● Exercise description: Please return the data that follows precisely as written, but without the images.

● Provided data:
--*--
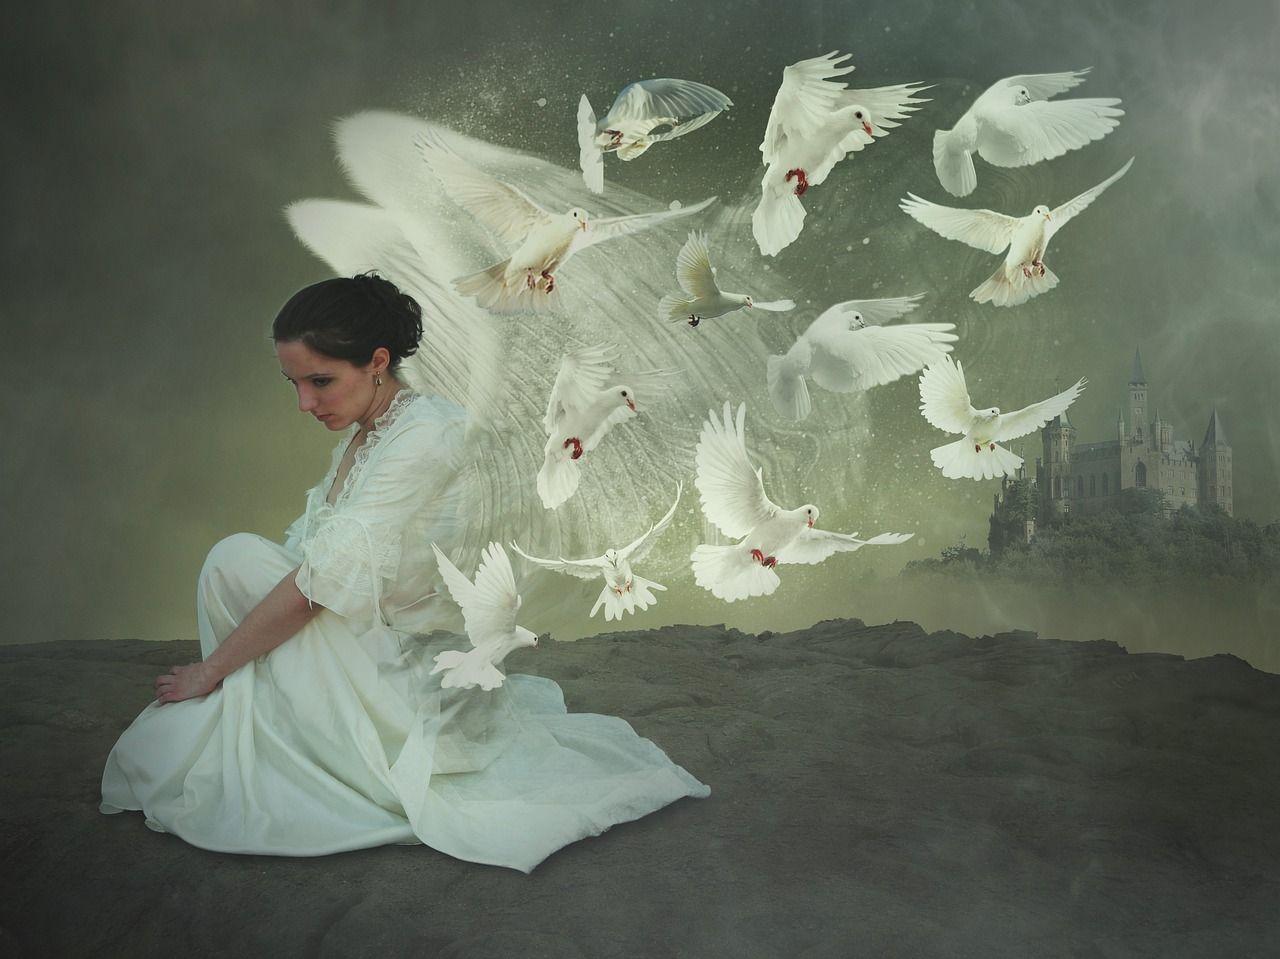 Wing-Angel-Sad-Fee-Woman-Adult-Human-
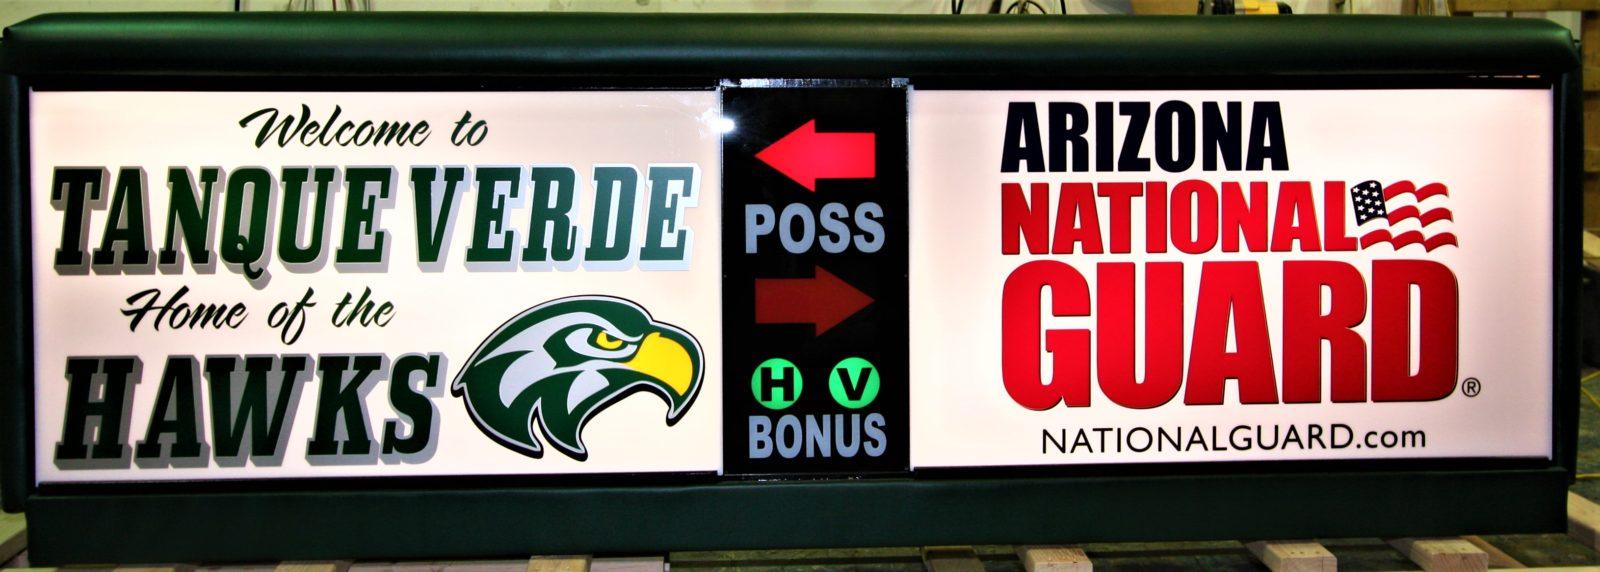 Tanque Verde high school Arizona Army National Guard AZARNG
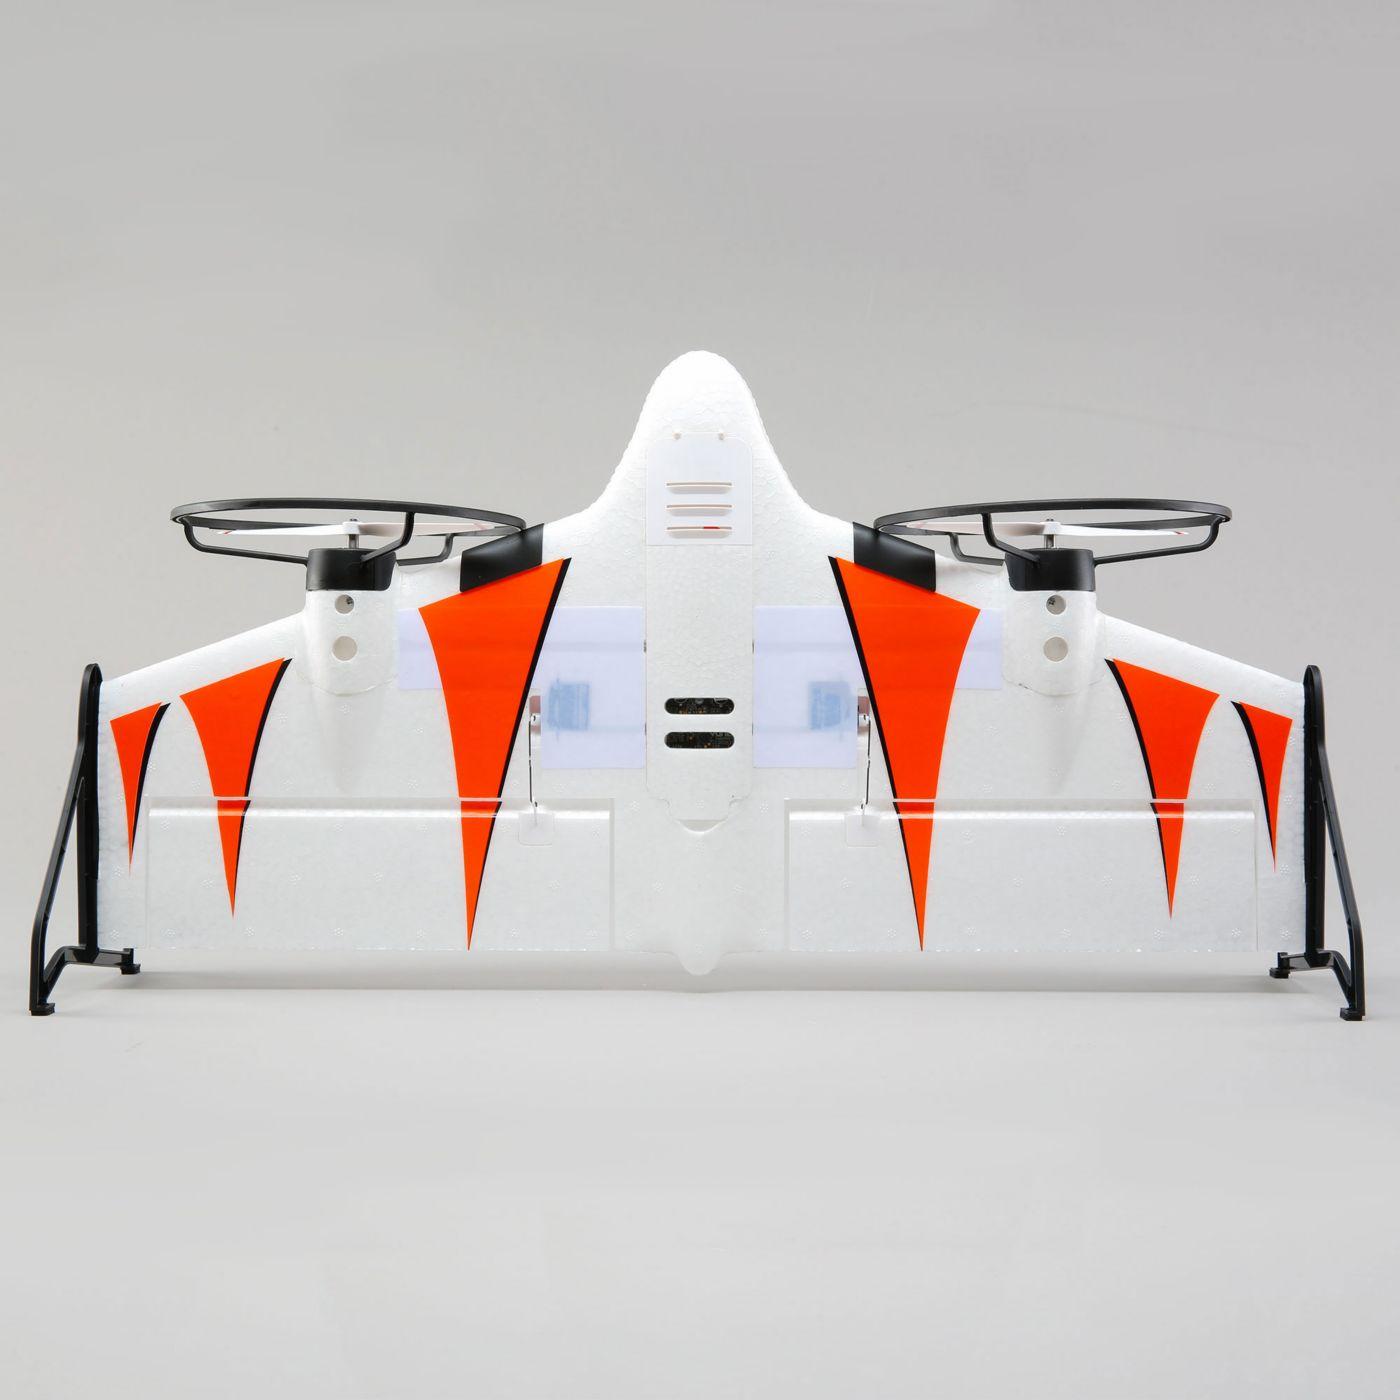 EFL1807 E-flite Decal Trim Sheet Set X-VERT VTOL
--*--
● Answer:
 Wing-Angel-Sad-Fee-Woman-Adult-Human-
 Tanque Verde high school Arizona Army National Guard AZARNG
 EFL1807 E-flite Decal Trim Sheet Set X-VERT VTOL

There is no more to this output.